The only problem I can see with this approach is the case in which we're inserting a multi-line value into a single-line object. So in a case like this:

a { b { c { } } }, if we wanted to insert

{
    e : 12
    f : 13
}

at path a.b.c.d, I'm not sure of a good way to handle that indentation. We COULD add a new-line to the object at c, but then the question becomes how much do we indent that? What if the map we want is contained entirely on a single line, but a parent map a couple levels up is indented?

Mostly I just wanted to run this approach by you, and see if you had any suggestions/feedback, or if you'd prefer a different approach.

Thanks!

havocp commented 9 years ago

Philosophically I think this can be a pretty simple best-effort algorithm - if the file is nicely-formatted already in a reasonable way, then we try to match that, but if the file is too creative then too bad.
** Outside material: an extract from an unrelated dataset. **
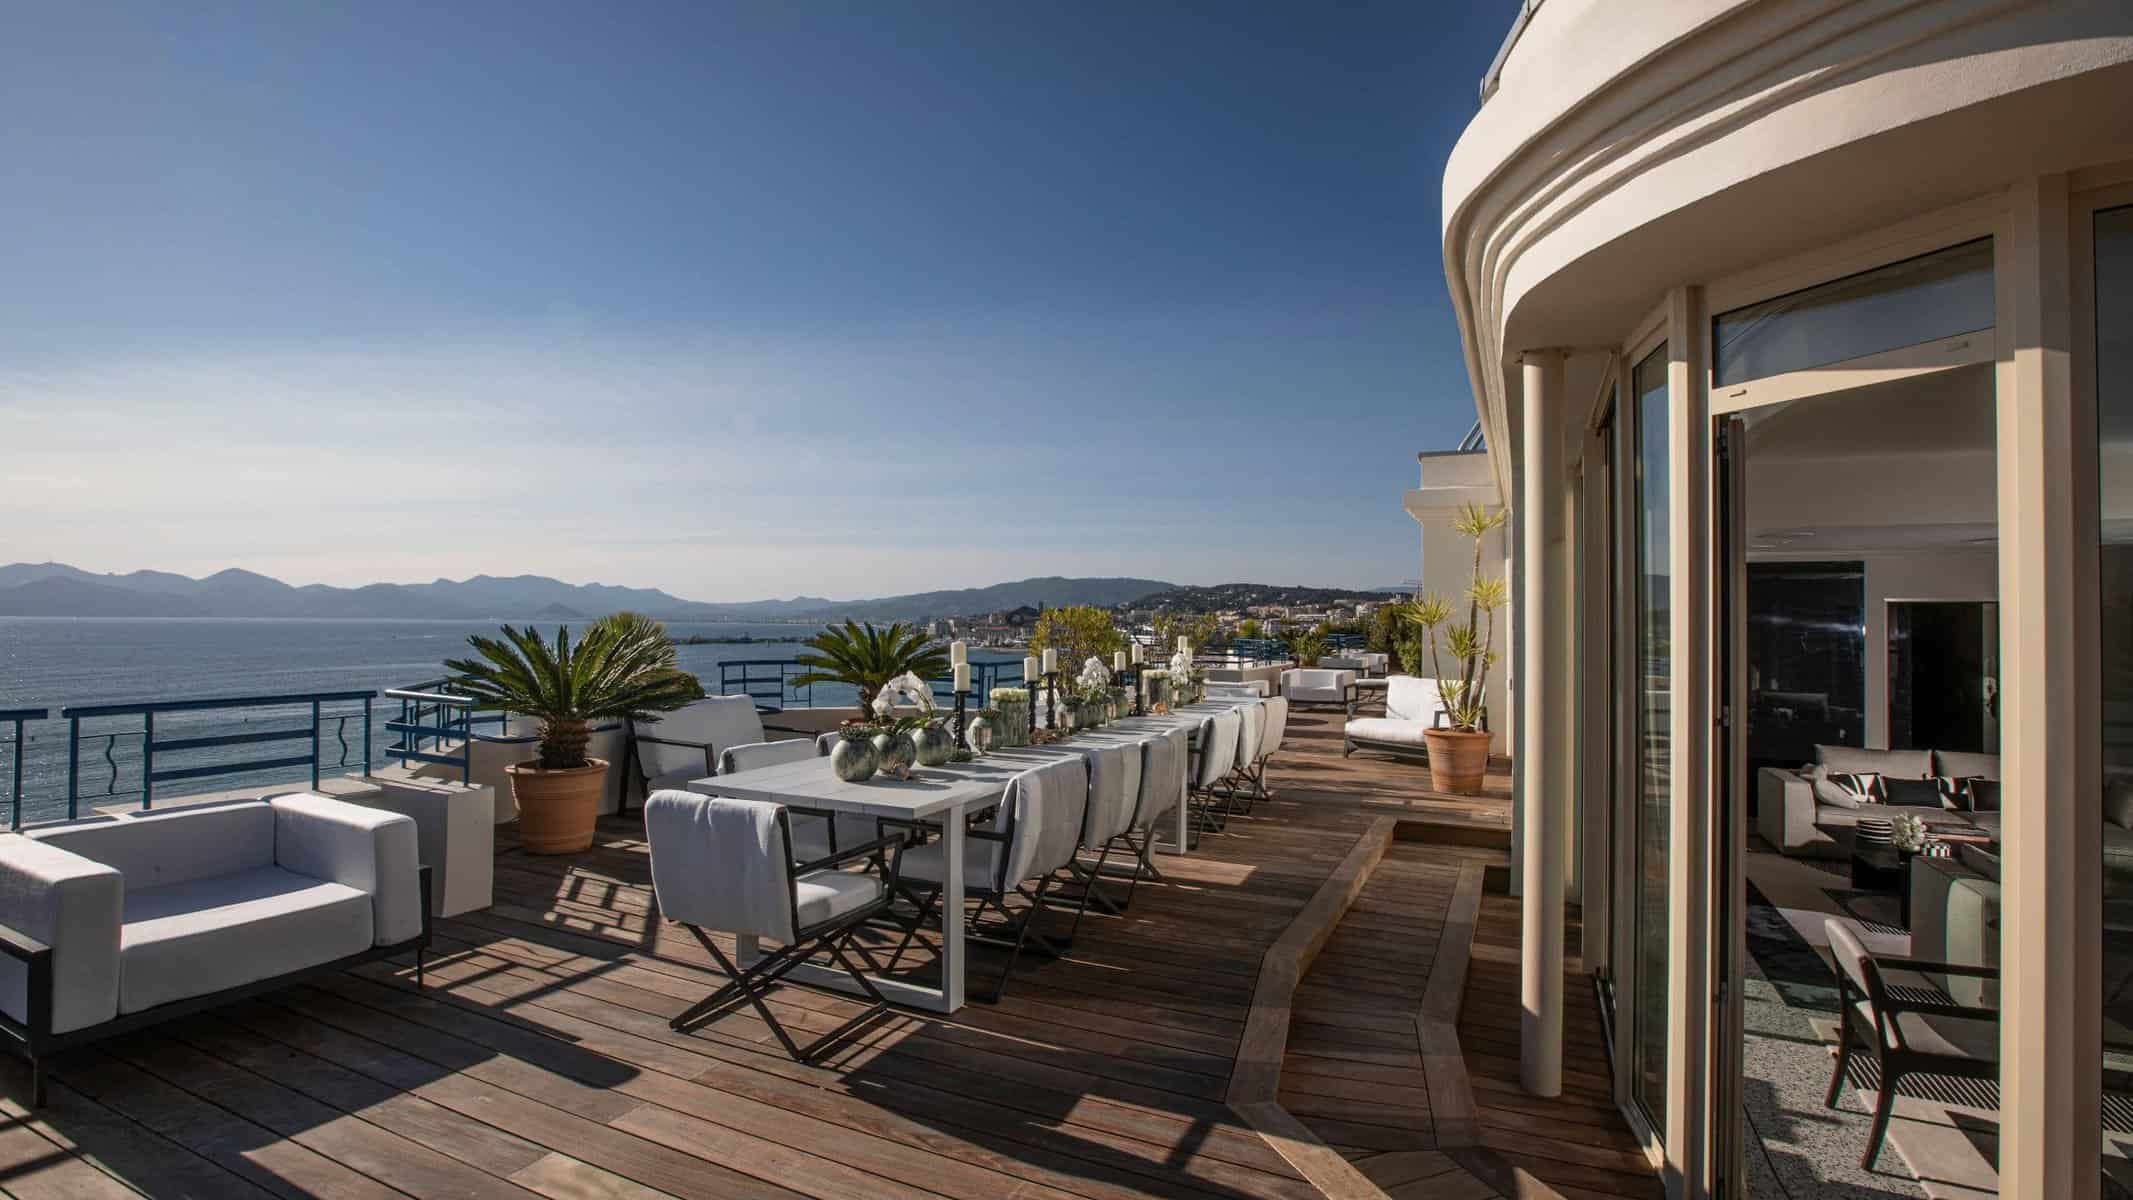 The Penthouse Suite at Grand Hyatt Hotel Martinez Cannes Terrace
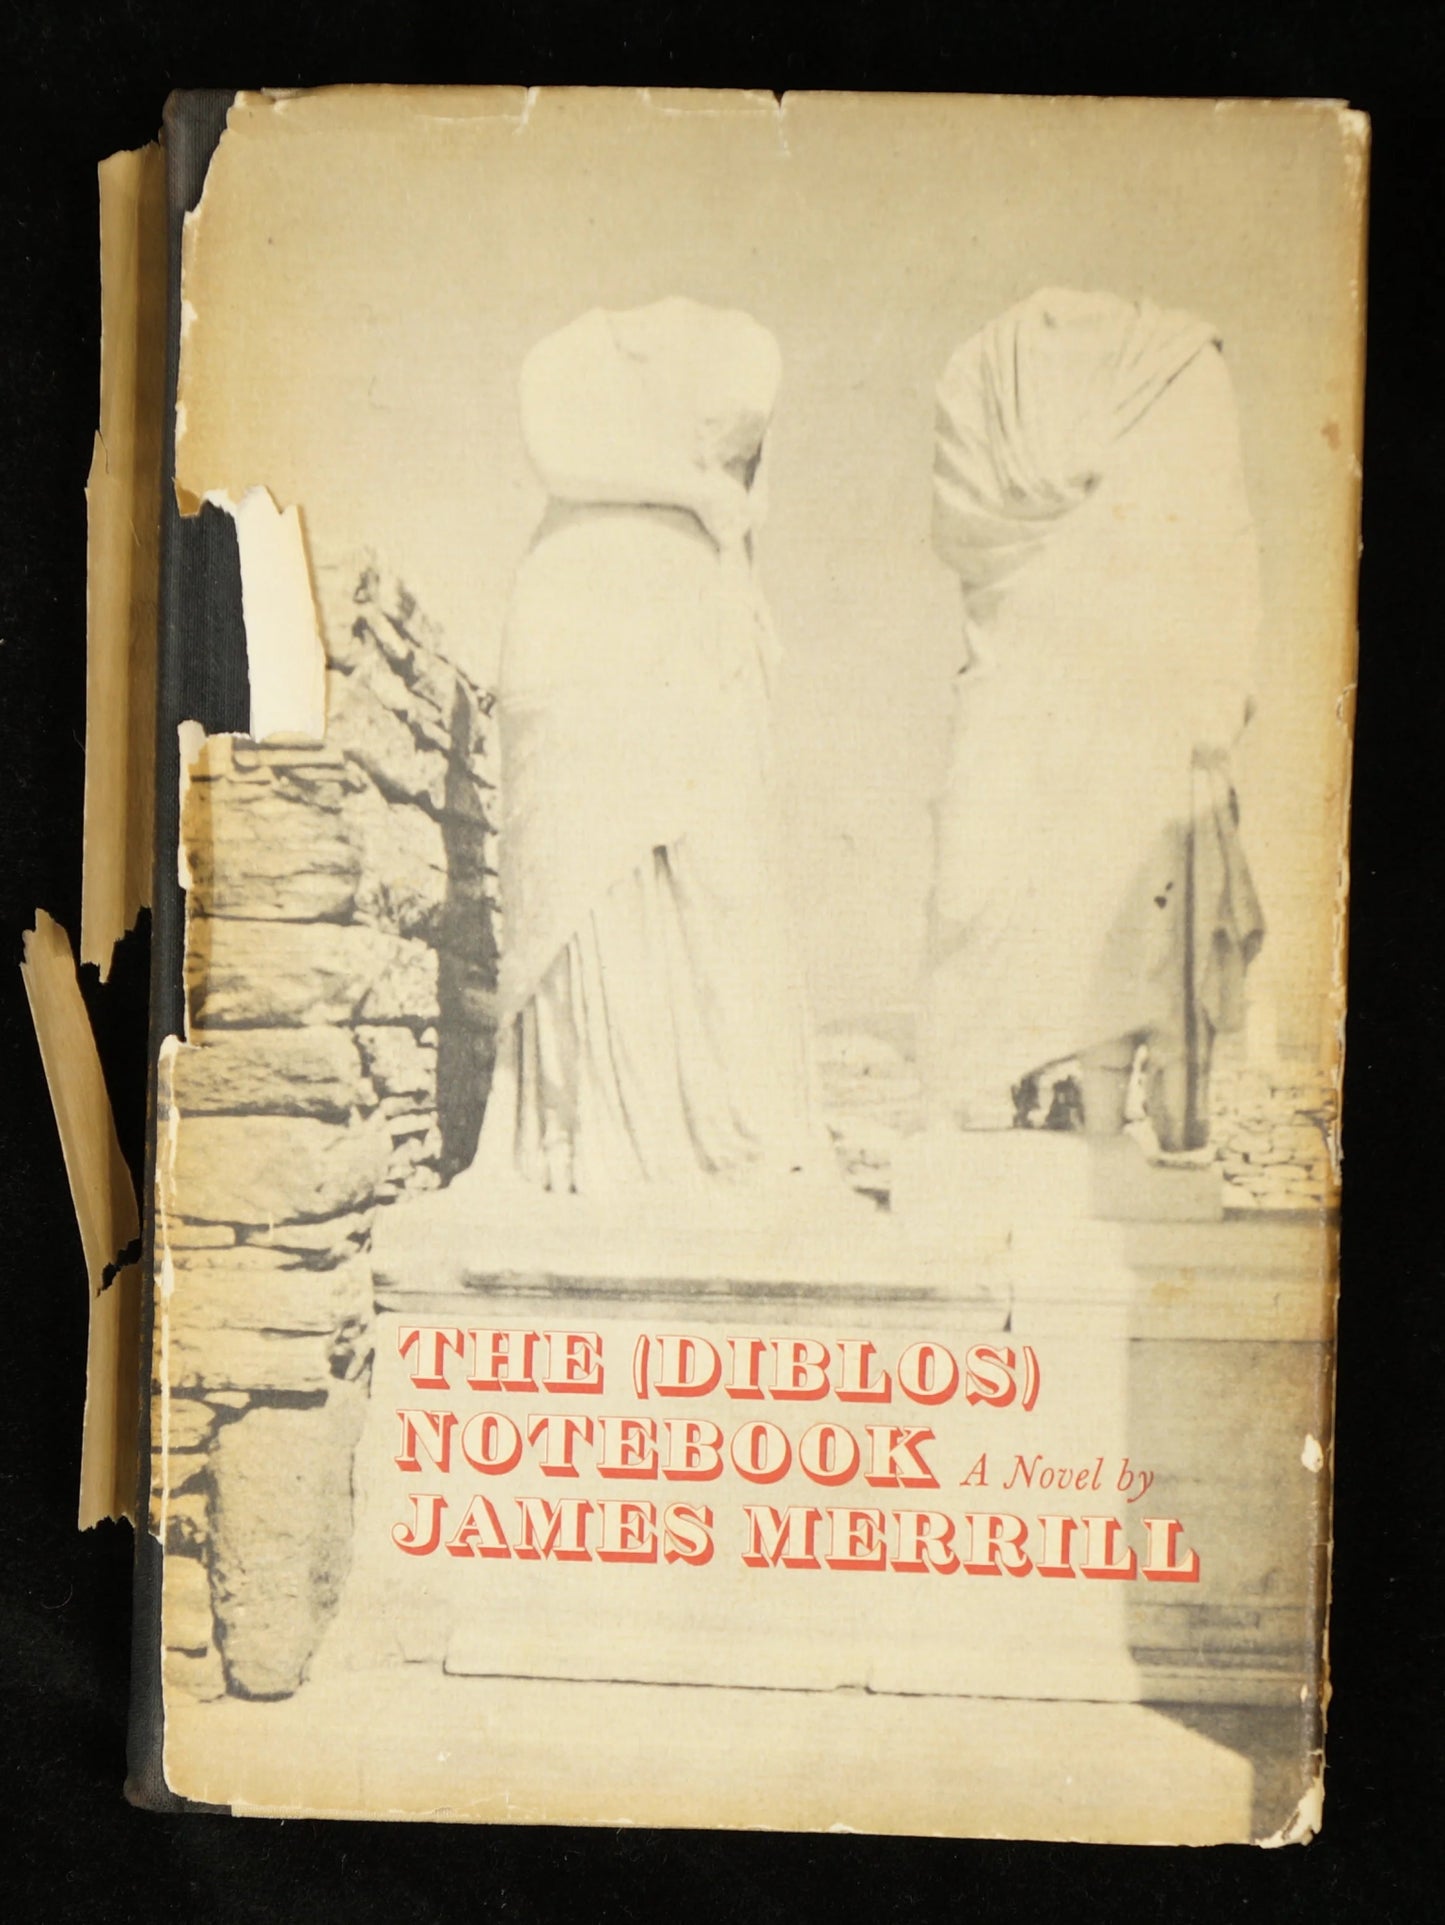 The (Diblos) Notebook: James Merrill, First Edition - 1965 - Bear and Raven Antiques

As long as we produce a valid file it's ok to be a little ugly in corner cases.

For a { b { c { } } } if a itself is indented, you could use the a indent to decide on the spaces-per-nesting-level, and then indent based on that ? like if a is indented two spaces and is nested once, then we have two-space indentation; so b should be indented 4 spaces, c indented 6 spaces, etc. ?

I don't mean to imply you'd reformat the existing stuff; just if you add fields inside c you'd use this to decide on their indentation?

Anyway I think what you describe sounds fine. Let's just do something simple that works in common cases (and always produces a valid file, even in the corner cases where it gets the indentation a little weird).

MSLilah commented 9 years ago

Sounds good! Thanks for the feedback as always!

havocp commented 9 years ago

I think we can declare victory on this issue and close it! There are some more APIs we want to do, but I'll make new issues for those (or if I don't, anyone is welcome to of course). Thanks so much for the work on this.